January 31st, 2009 at 12:05 am

Sold another book on half.com for $6.45. It was a book by my favorite author, but this book sucked. I have kept all of her other books cause I'll read them over, but as a small protest against this sorry excuse for a story, I sold it. It is wrapped and ready for the post office.

Also sold a game for $2.50. You make out great for games...they reimburse you $2.89 for postage, but first class only costs $2.02, so add another $.87 to the $2.50!

I had someone ask about the computer and asked if I would deliver it to a town 50 miles away. I said I drive through that town every Thursday so I could drop it off. Haven't heard anything else from her yet.

Had someone call and ask if it was a laptop (?) Um, no, I would have said it was a laptop if it was a laptop.

I had another guy mentioned he might want a laptop so I told him I can probably get one for him for $225. (I should be able to get one for $200, but I'm done doing this for charity). My mom works with his wife, so I'll ask mom to ask her later this week if he really wants me to get one for him. If so, I'll have to pay with cash and then he'll have to pay me back.

You know, I put on my sidebar when I got paid for those books, but I think I'll put down when I sold them instead. This book and game should count for January, but I'll get paid for it in February.

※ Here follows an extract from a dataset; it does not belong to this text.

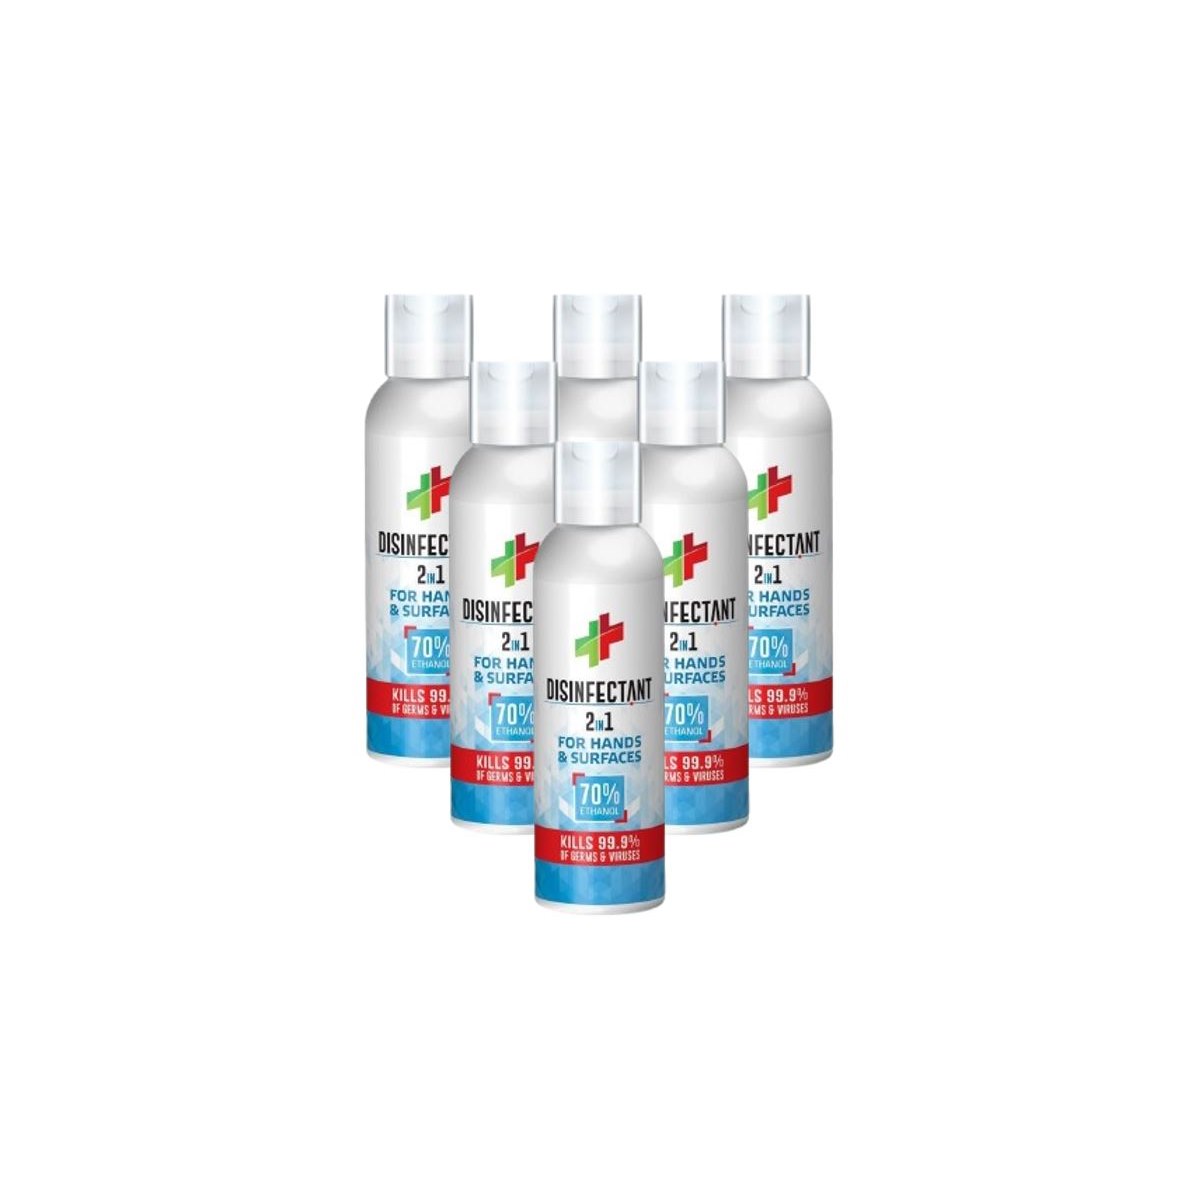 Case of 6 x Tri-Bio 2 in 1 Disinfectant for Hands and Hard Surfaces Travel Size 100ml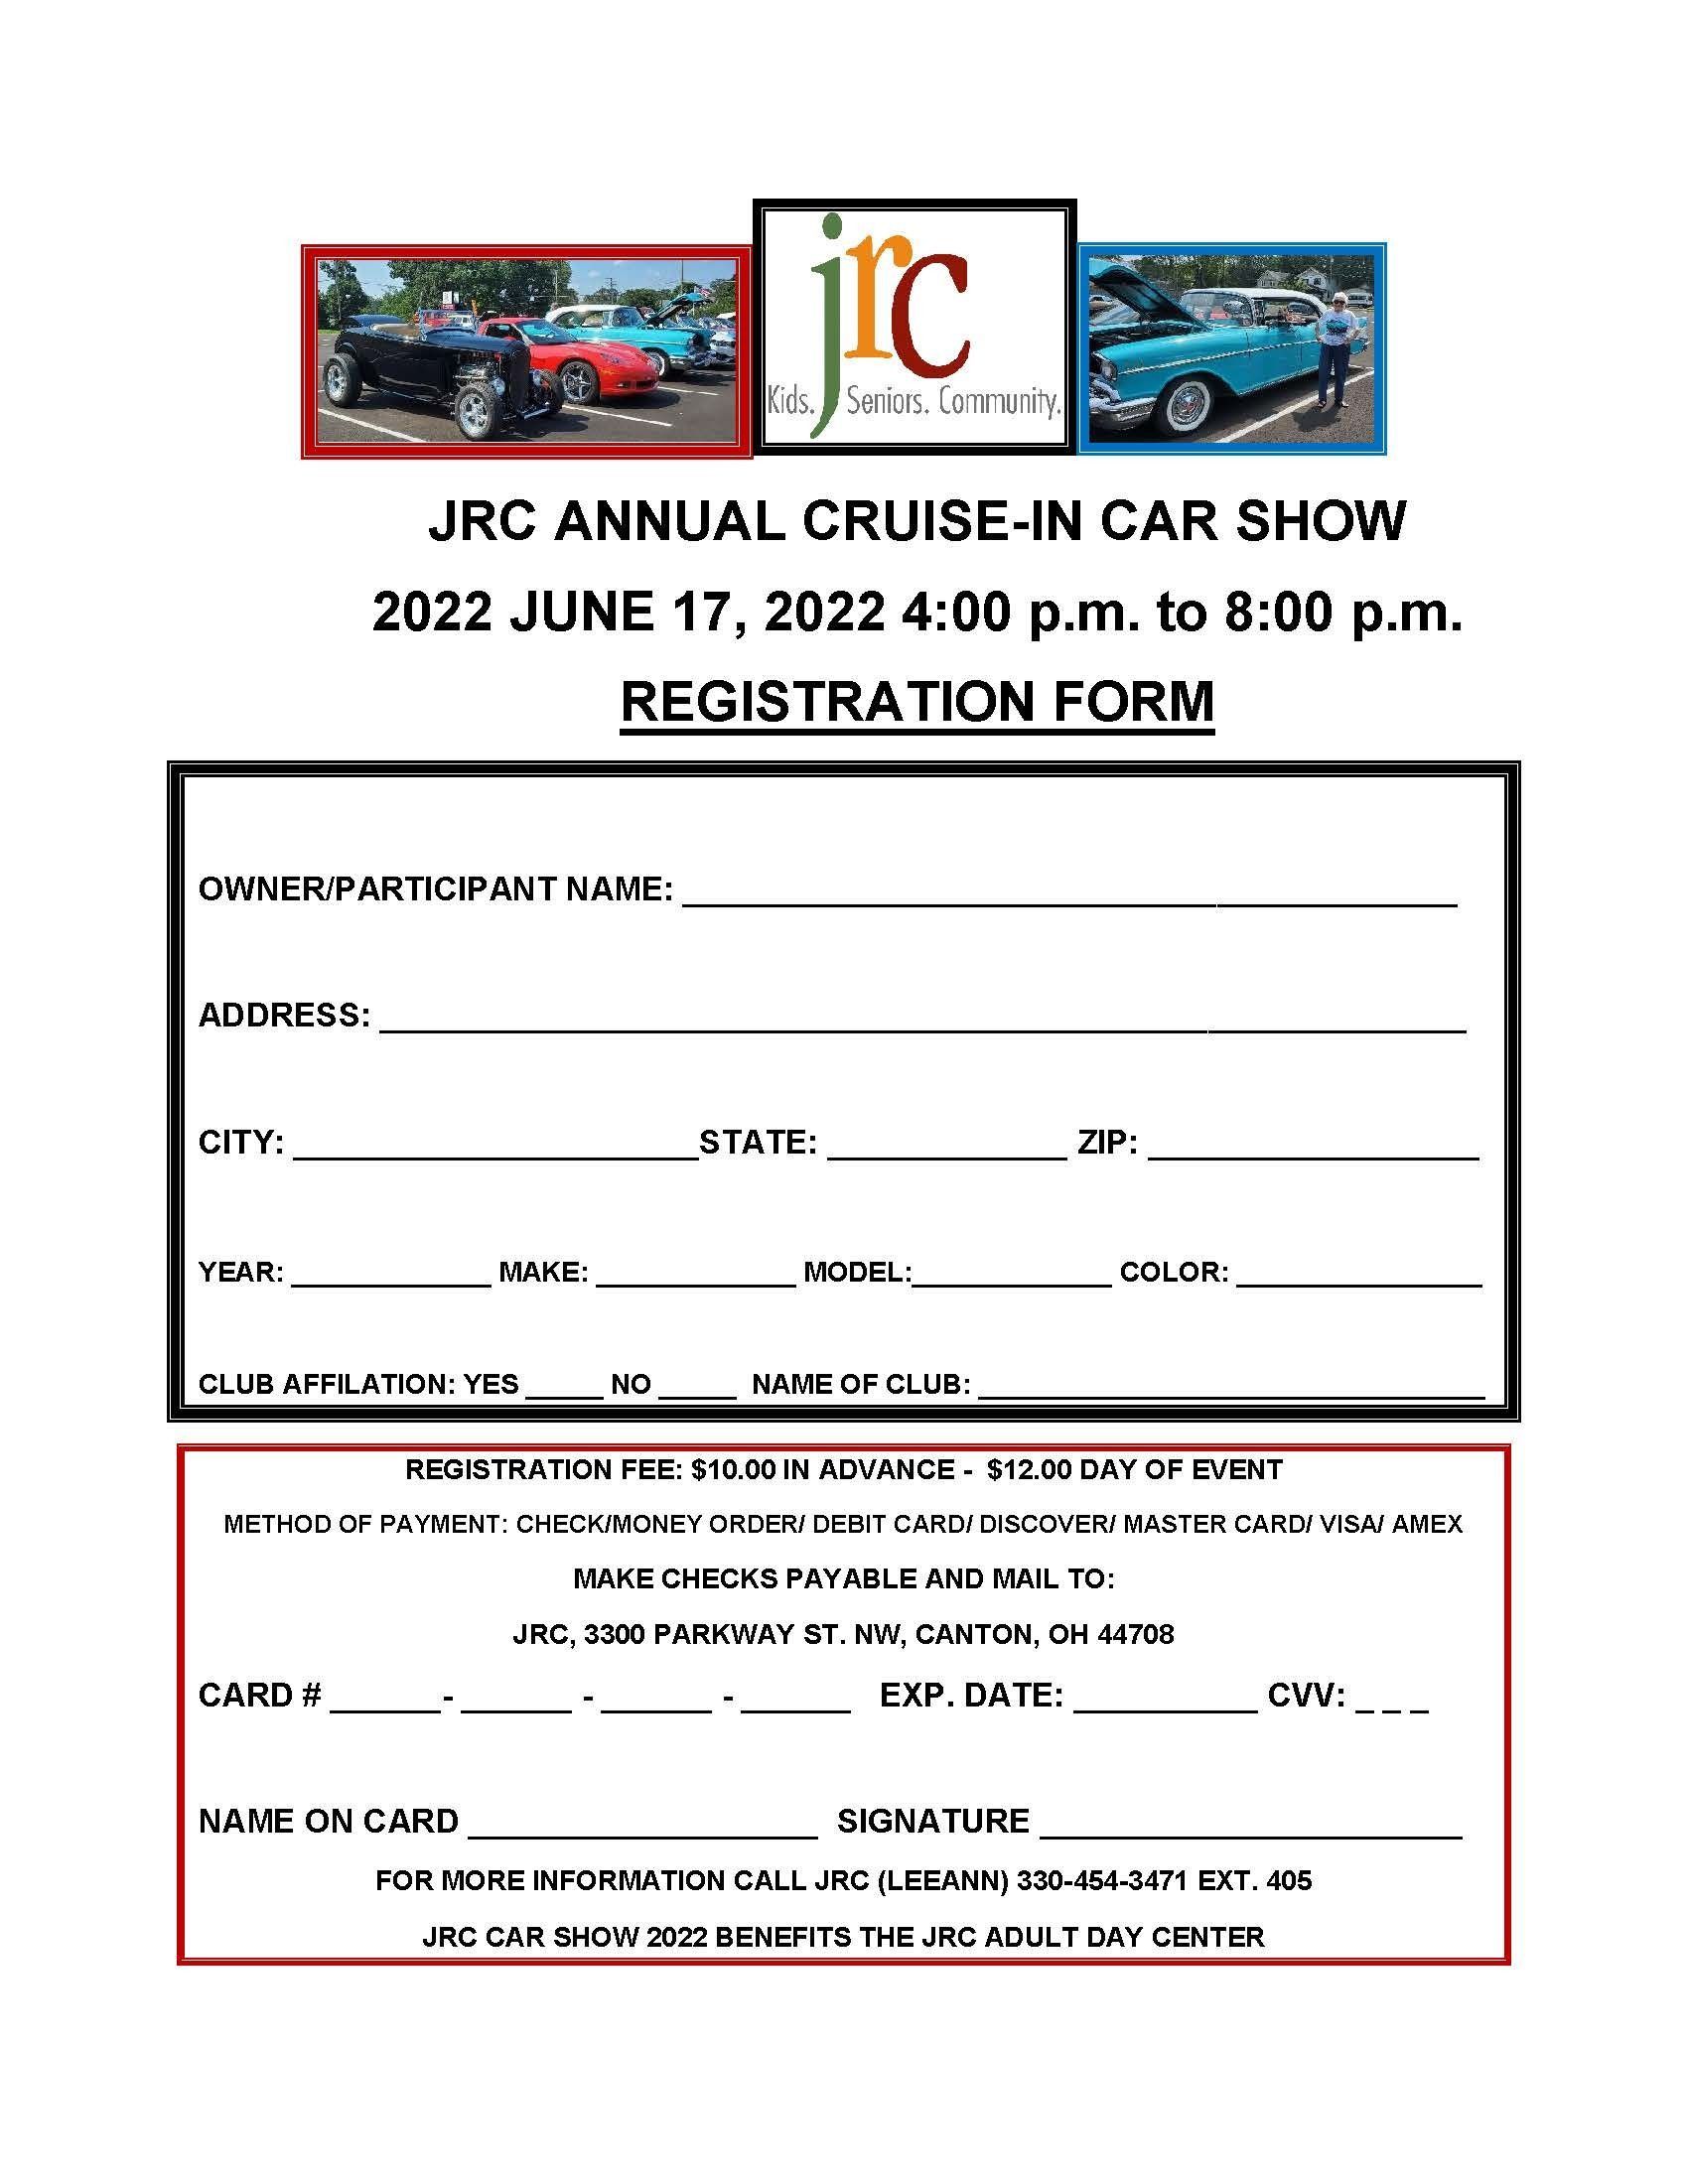 JRC Annual Cruise-In Car Show - DOWNLOAD PRINT Registration Form ABOVE

I'm just getting around to putting that Polaroid portable DVD player on the local web site. Hoping for $50 for it. New, they cost $200 on amazon.com. Of course, I had it given to me, so anything I sell it for will be pure profit. It will also fit in the smallest flat rate box, so I'll ship it USPS for less than $9 (I put "plus shipping and handling" on my add).

Had other bad news today about the cattle loan that makes abso-fuckin-lutely no sense, but I don't want to expound on that until we have a different plan.

Oh, and about those no spend weeks you guys talk about. Good for you, really! That can never happen for me. I have to fill up with gas twice a week just for my commute, so unless I get laid off and stay home for a week nursing my hangovers, that won't happen. But, if I get drunk for a week to drown my sorrows I'll have to buy liquor, or at least beer, so there you go. I can't have a NSW.

My best friend is pregnant. Awesome! She is a good mom (already has one). It also gives me hope for us because her husband travels all the time too, so it must be possible for the timing to work out.